-- WHAT THE TASK REQUIRES --
Begin at the line that has "Bridesmaid Dresses Columbus Ohio", stop after the line that has "Waldläufer Herren Schuhe", and print exactly those lines from the records below, without any pictures.

··· SOURCE MATERIAL

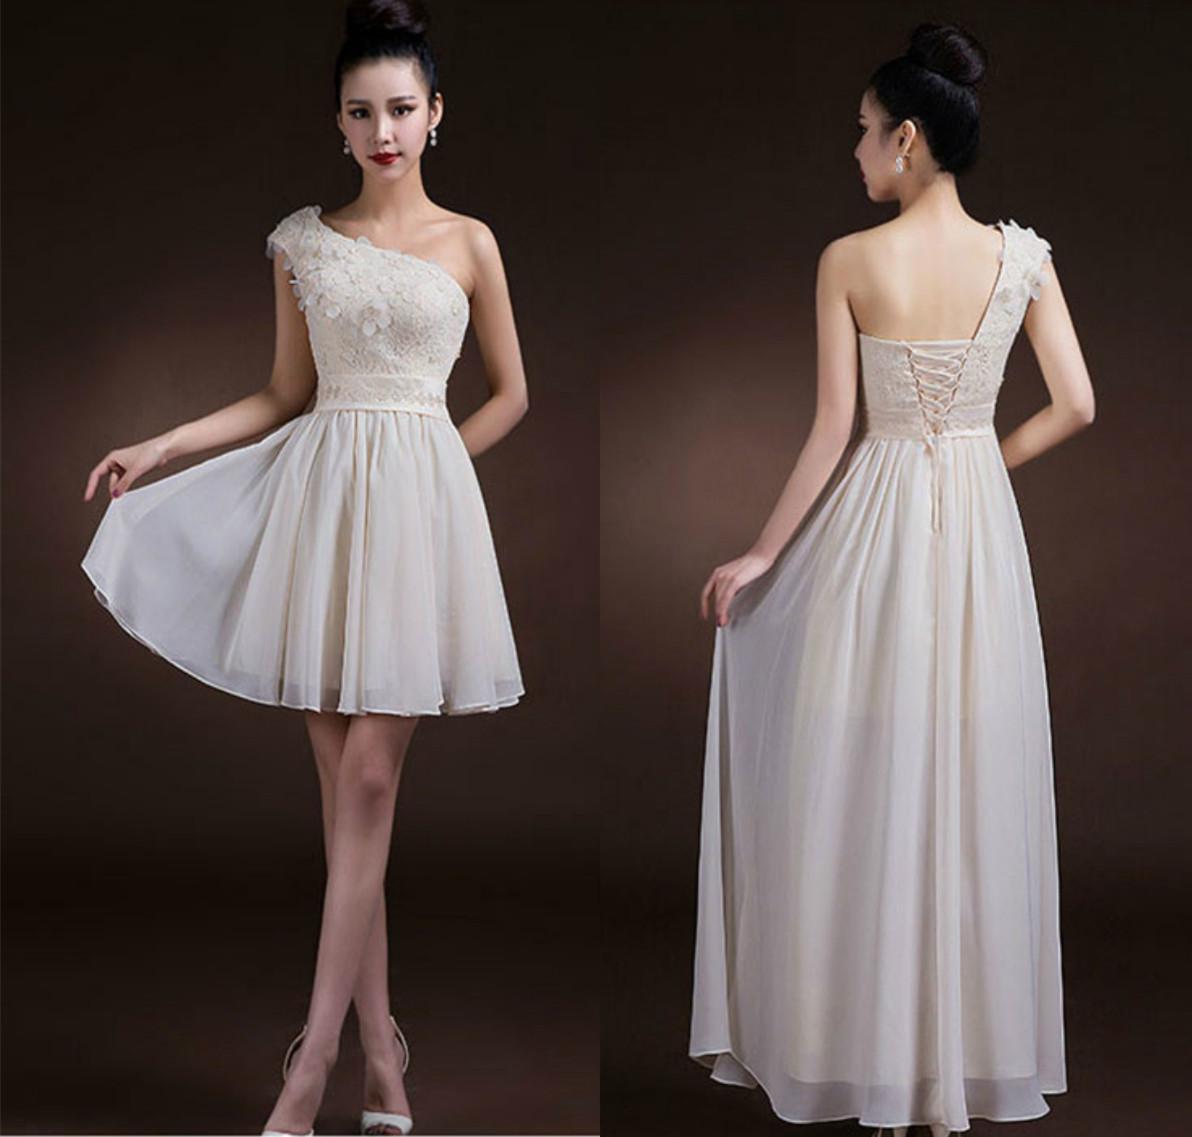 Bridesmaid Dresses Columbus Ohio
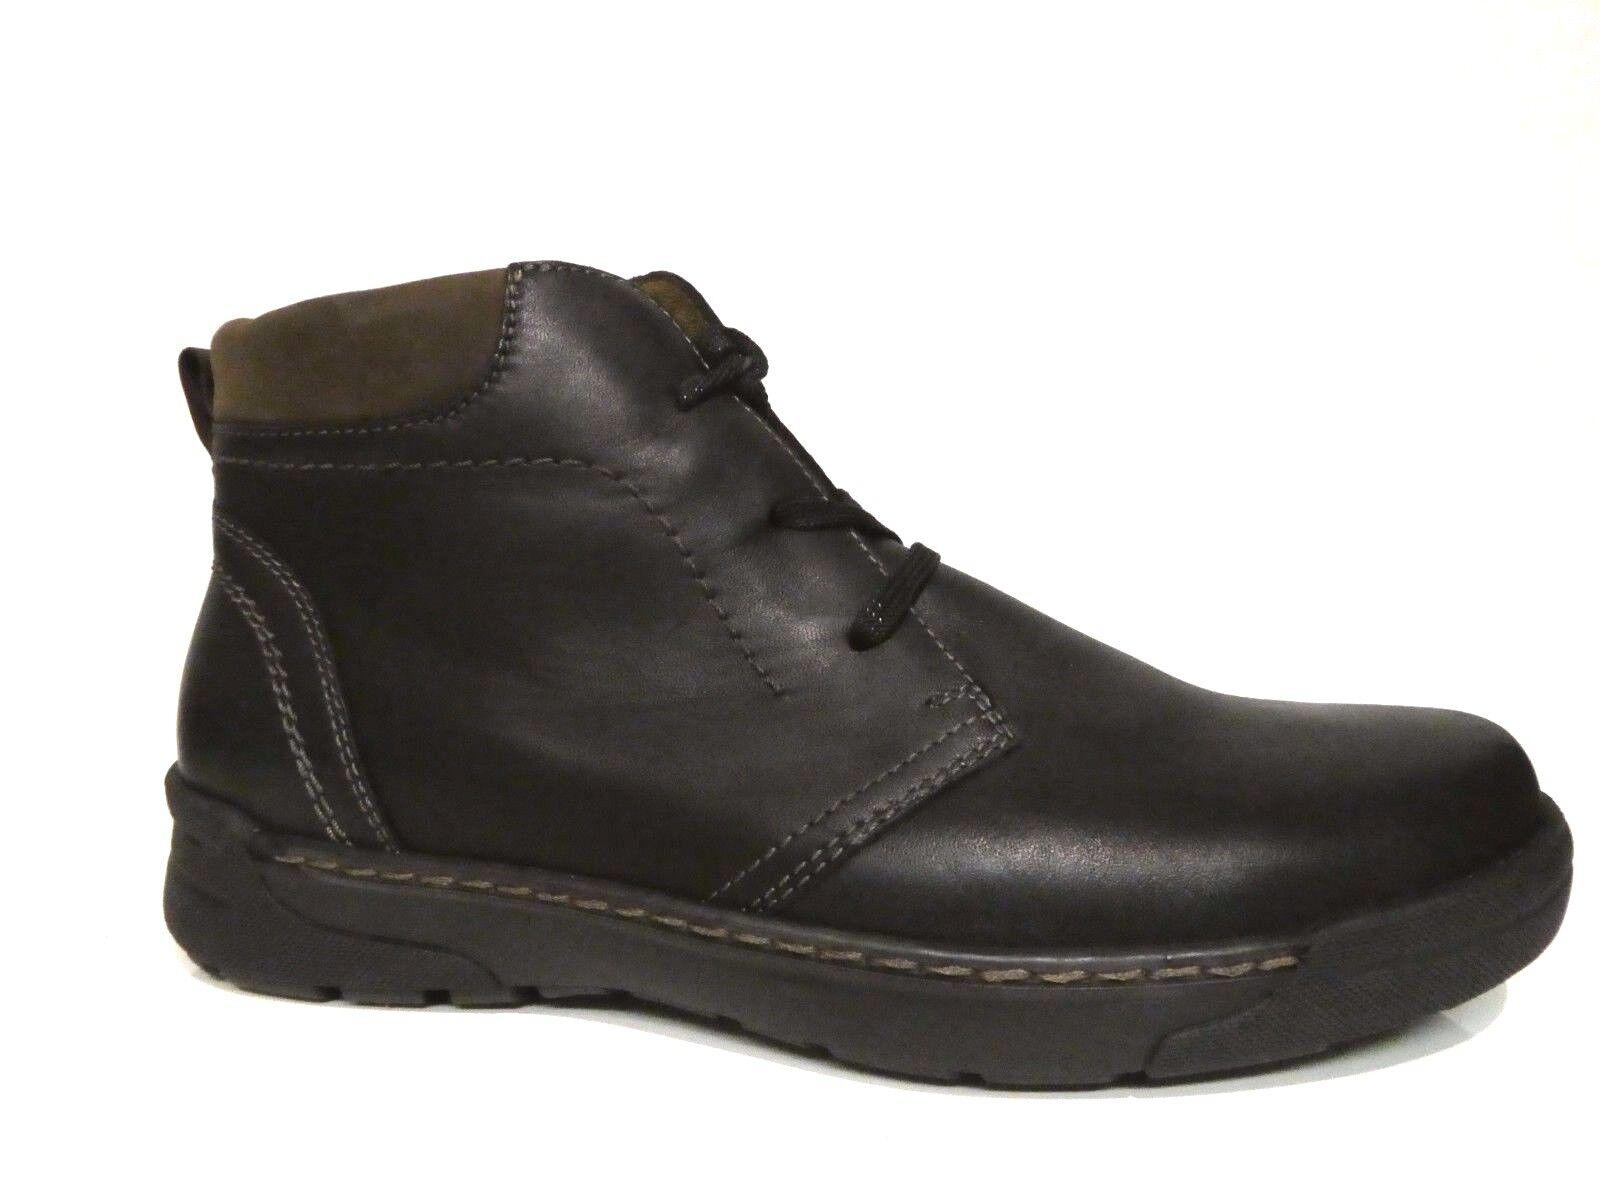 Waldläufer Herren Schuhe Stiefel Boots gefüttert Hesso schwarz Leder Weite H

······
··· SOURCE MATERIAL

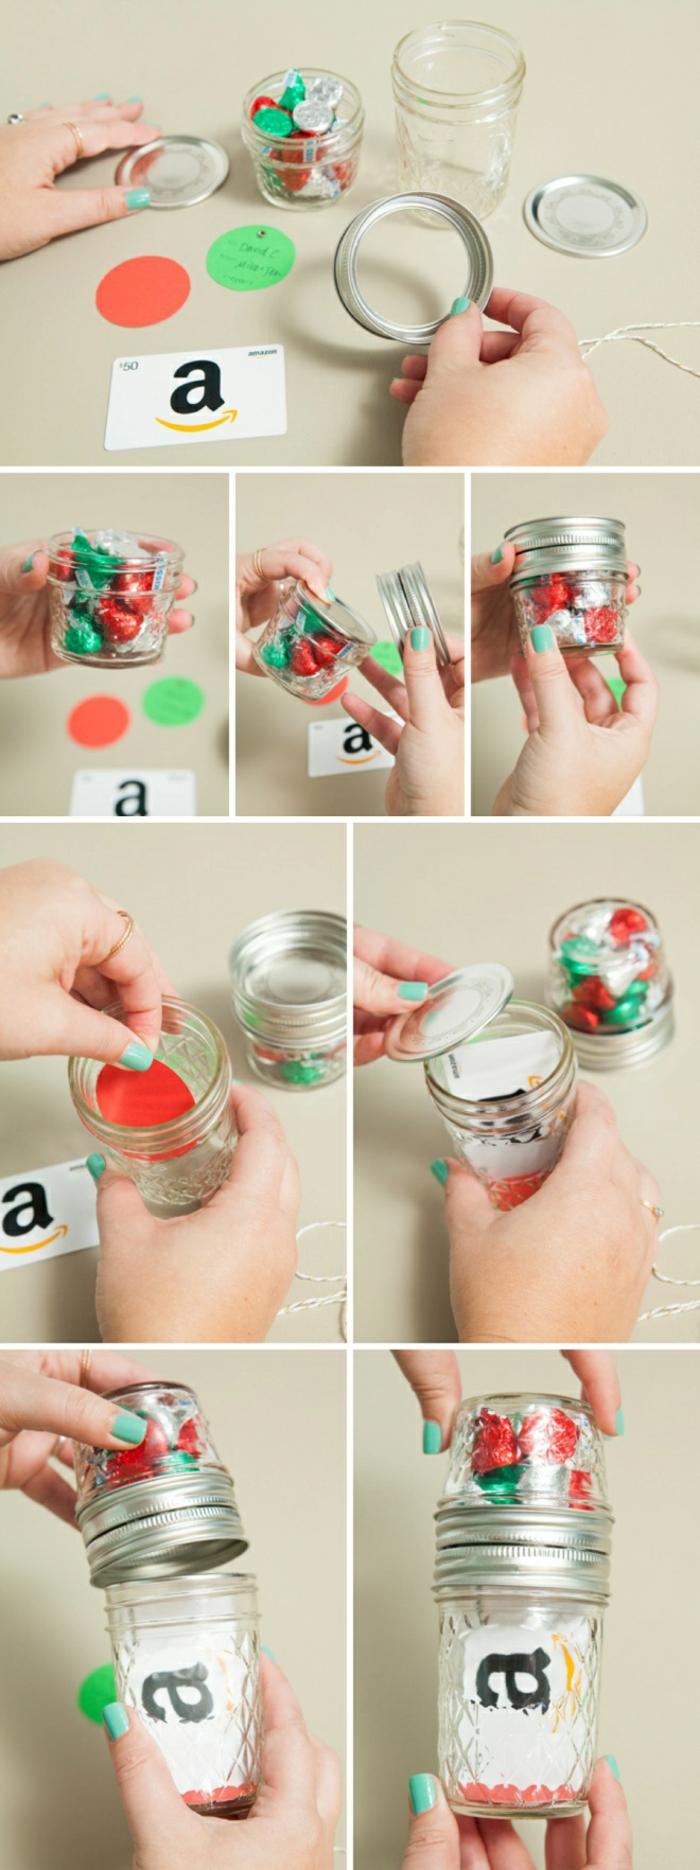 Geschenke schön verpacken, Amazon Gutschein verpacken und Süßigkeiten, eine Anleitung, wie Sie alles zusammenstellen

······
··· SOURCE MATERIAL

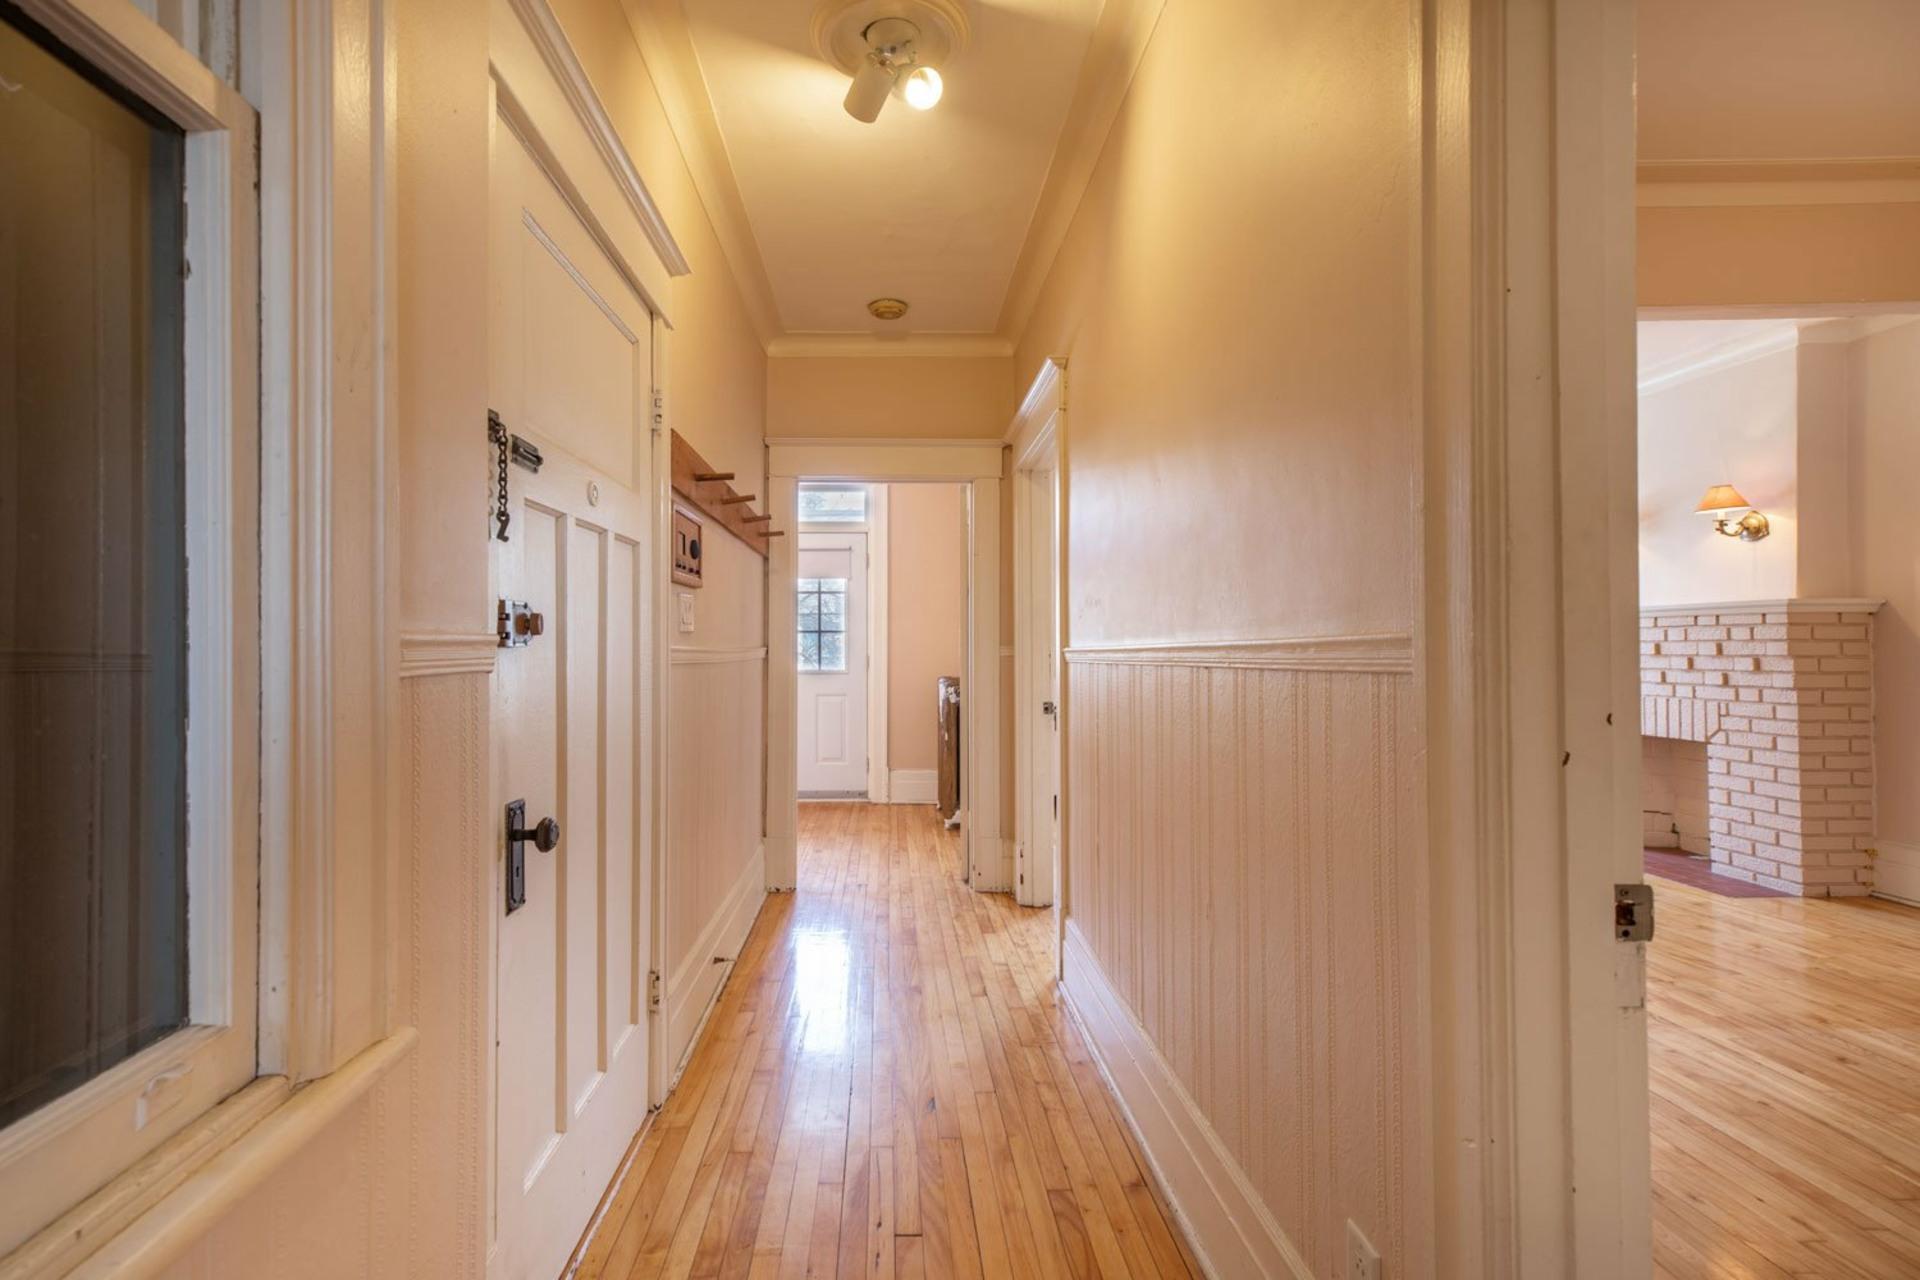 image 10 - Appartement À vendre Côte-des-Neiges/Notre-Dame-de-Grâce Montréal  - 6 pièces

······

-- THE COMPLETED TASK --
 Bridesmaid Dresses Columbus Ohio
 Waldläufer Herren Schuhe Stiefel Boots gefüttert Hesso schwarz Leder Weite H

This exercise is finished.